When costs are incurred for a doctor, hospital or medication, insureds are required by law (KVG) to take over a certain portion of these costs themselves each calendar year. This first cost sharing arrangement is called the annual deductible.
You can save up to 44% on your basic insurance premiums by increasing your annual deductible. The maximum annual deductible is 2,500 Swiss francs.
|CHF 300||CHF 0 (without annual deductible)|
|CHF 500||CHF 200|
|CHF 1,000||CHF 400|
|CHF 1,500||CHF 600|
When the costs exceed the agreed deductible during the calendar year, the health insurance company takes over 90% of the additional costs. You will pay 10% of these costs. This cost sharing is called excess. The maximum annual excess is 700 Swiss francs for adults and 350 Swiss francs for children, independent from the chosen annual deductible.

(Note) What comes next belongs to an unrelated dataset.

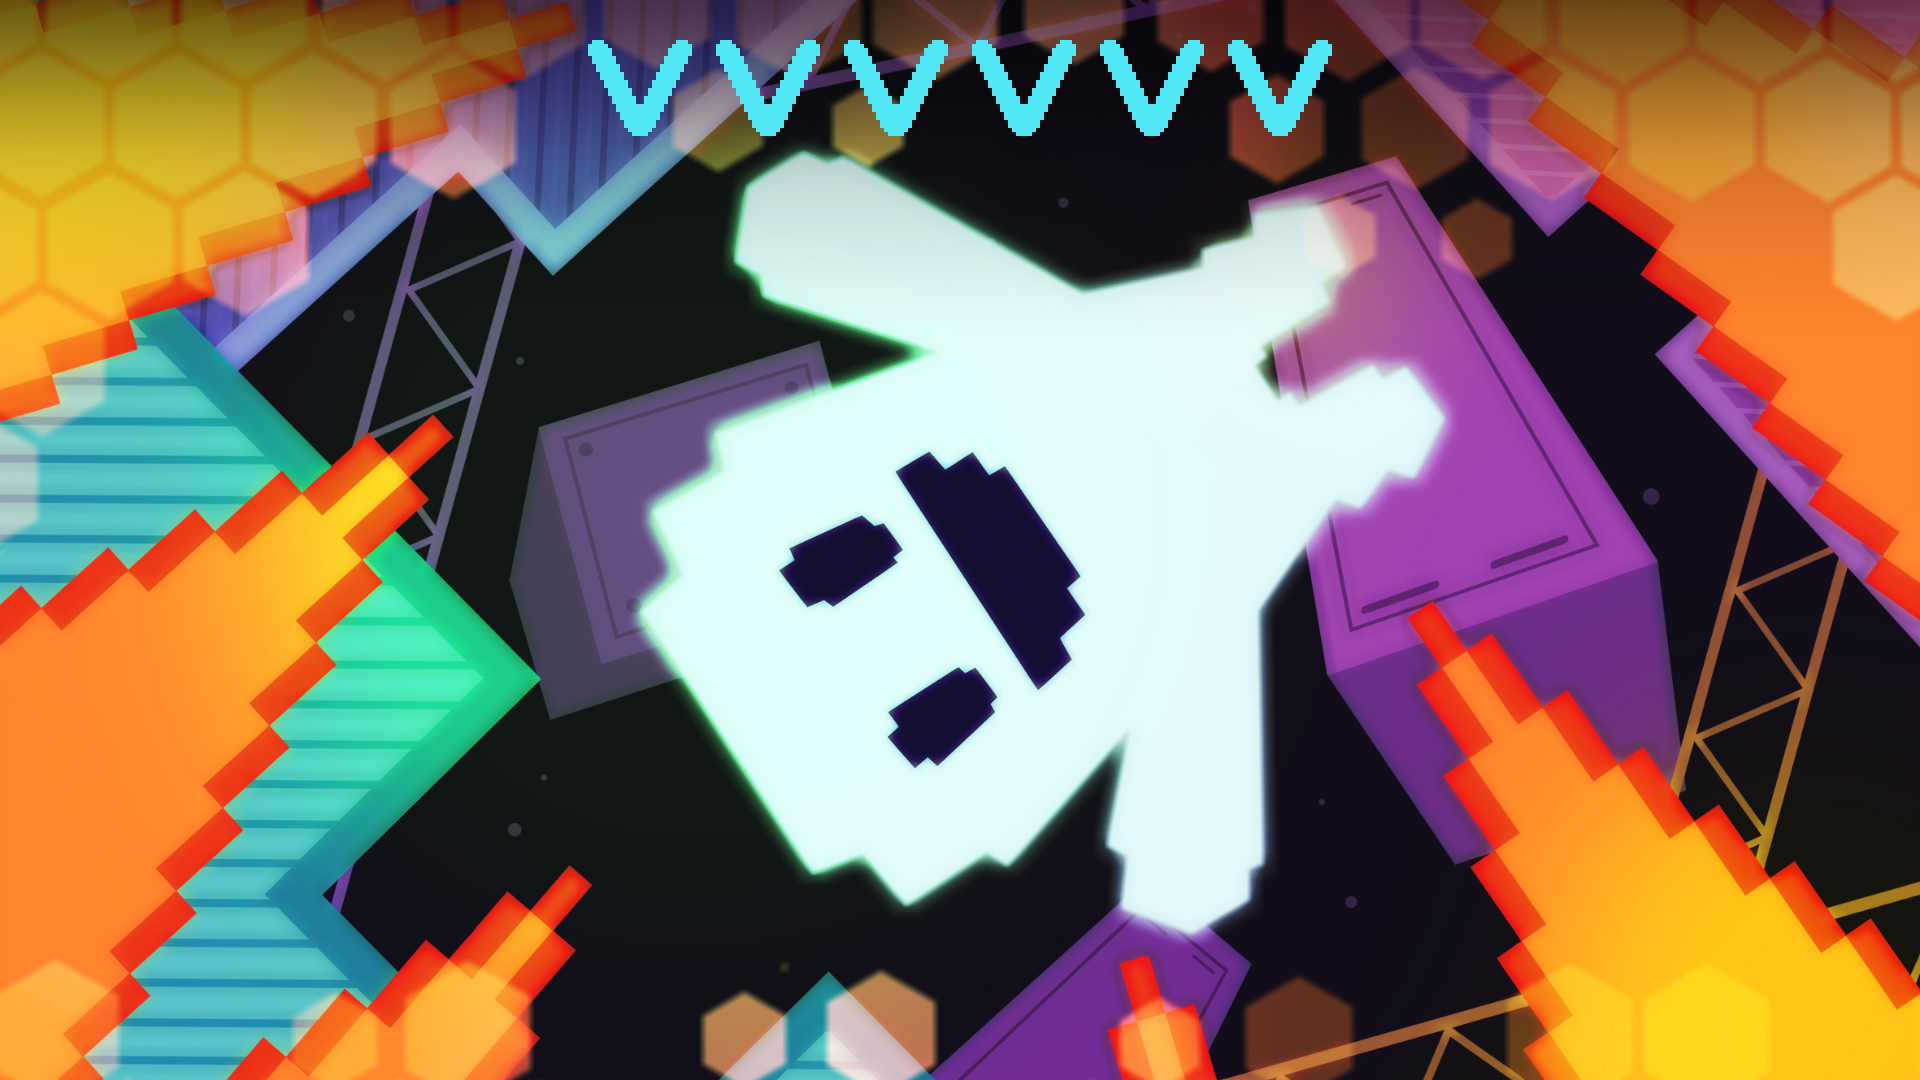 VVVVVV | | 任天堂

Law requires an annual deductible of 300 Swiss francs for the mandatory health care insurance (basic insurance). There is no deductible for children (until the end of the calendar year of the 18th year of life).

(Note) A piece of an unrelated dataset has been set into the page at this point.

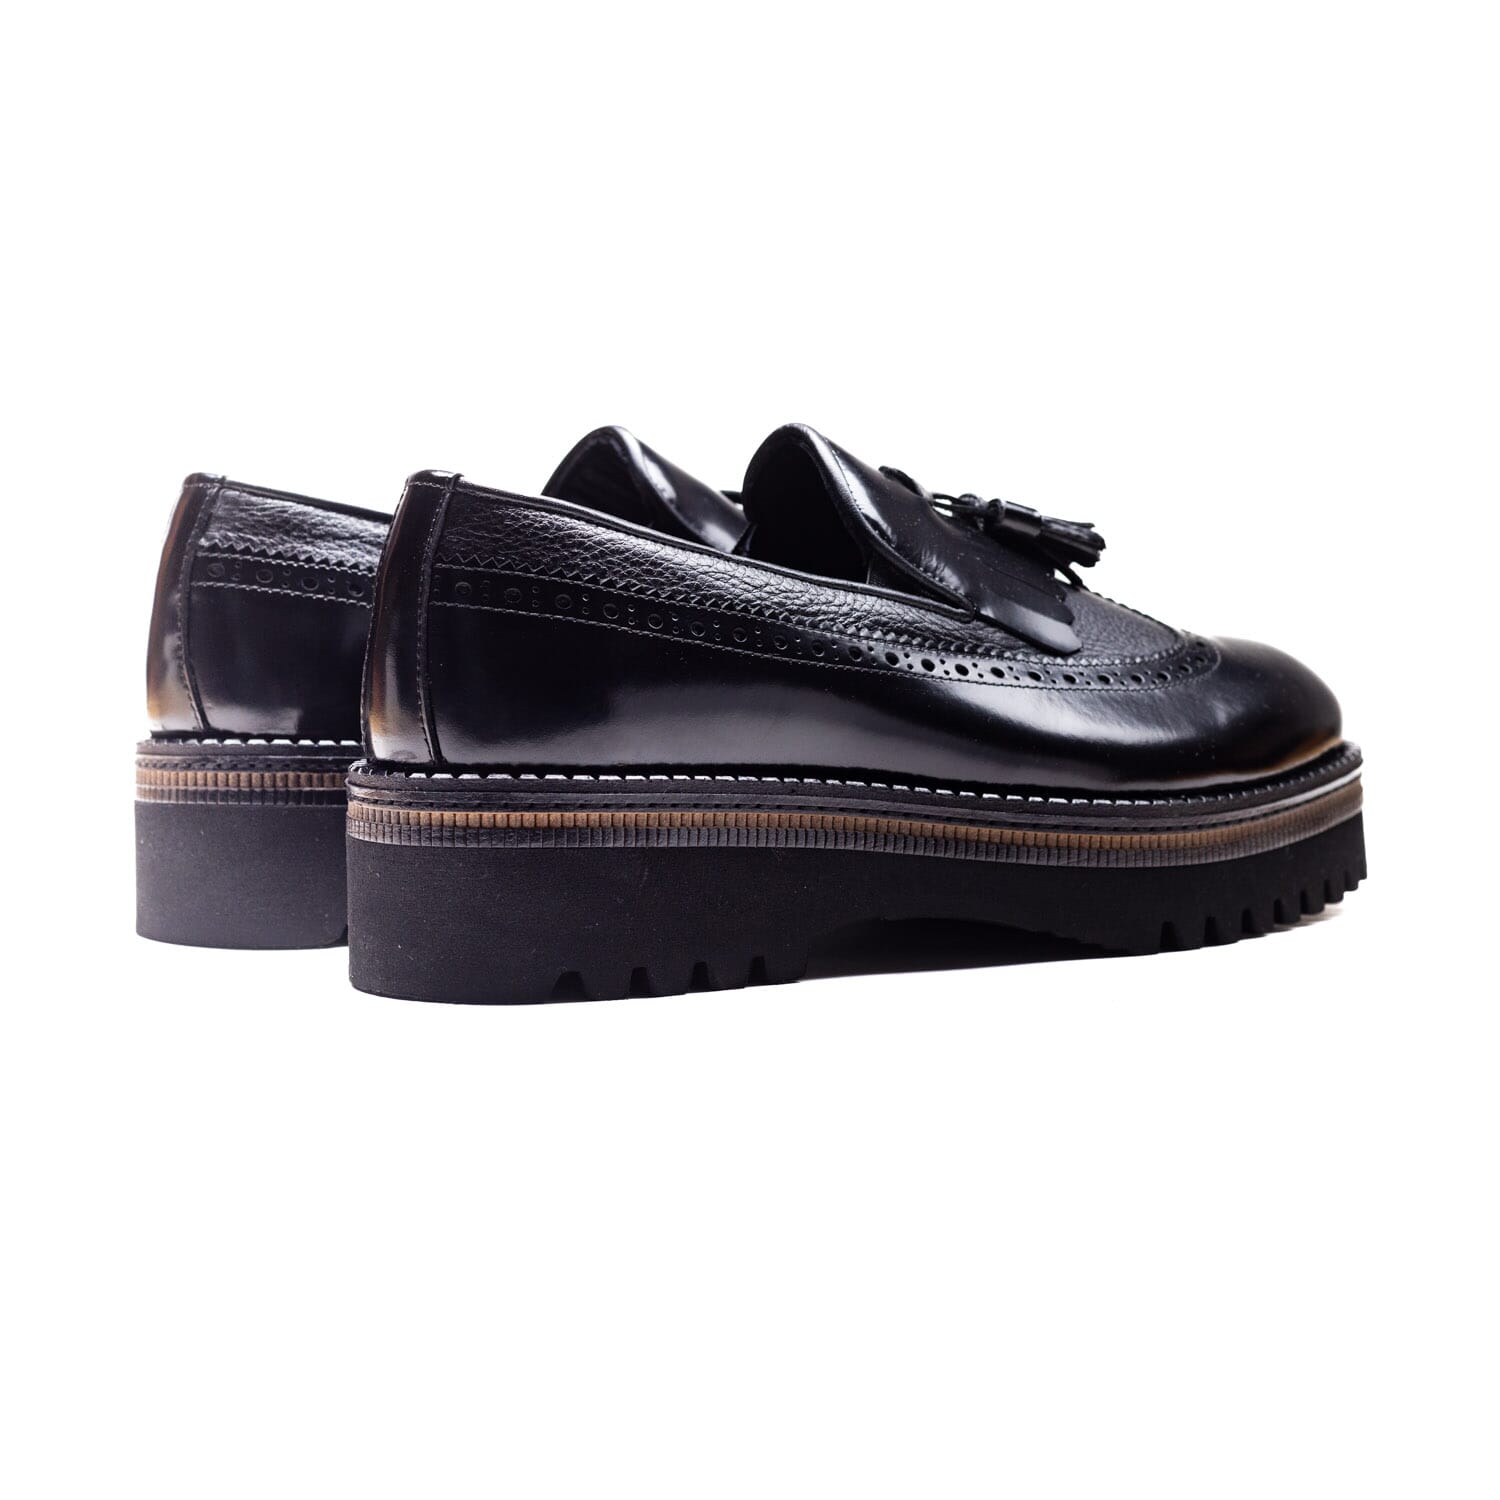 Bulletti – 66730 – Black – Perocili Shoes

Your health insurance company will deduct the entire deductible from the reimbursement of the first doctor's bill or you will receive an invoice for the costs incurred, if the doctor's bill was sent directly to your health insurance company.
For a reduction or an increase of the deductible to be legally valid, we need the signature of the insured person or his/her legal representative before 30 November.
The relevant date is the one of the treatment. An example: If a treatment is provided in December 2016, the deductible and excess of the year 2016 apply. Even if the invoice will not be issued until February 2017.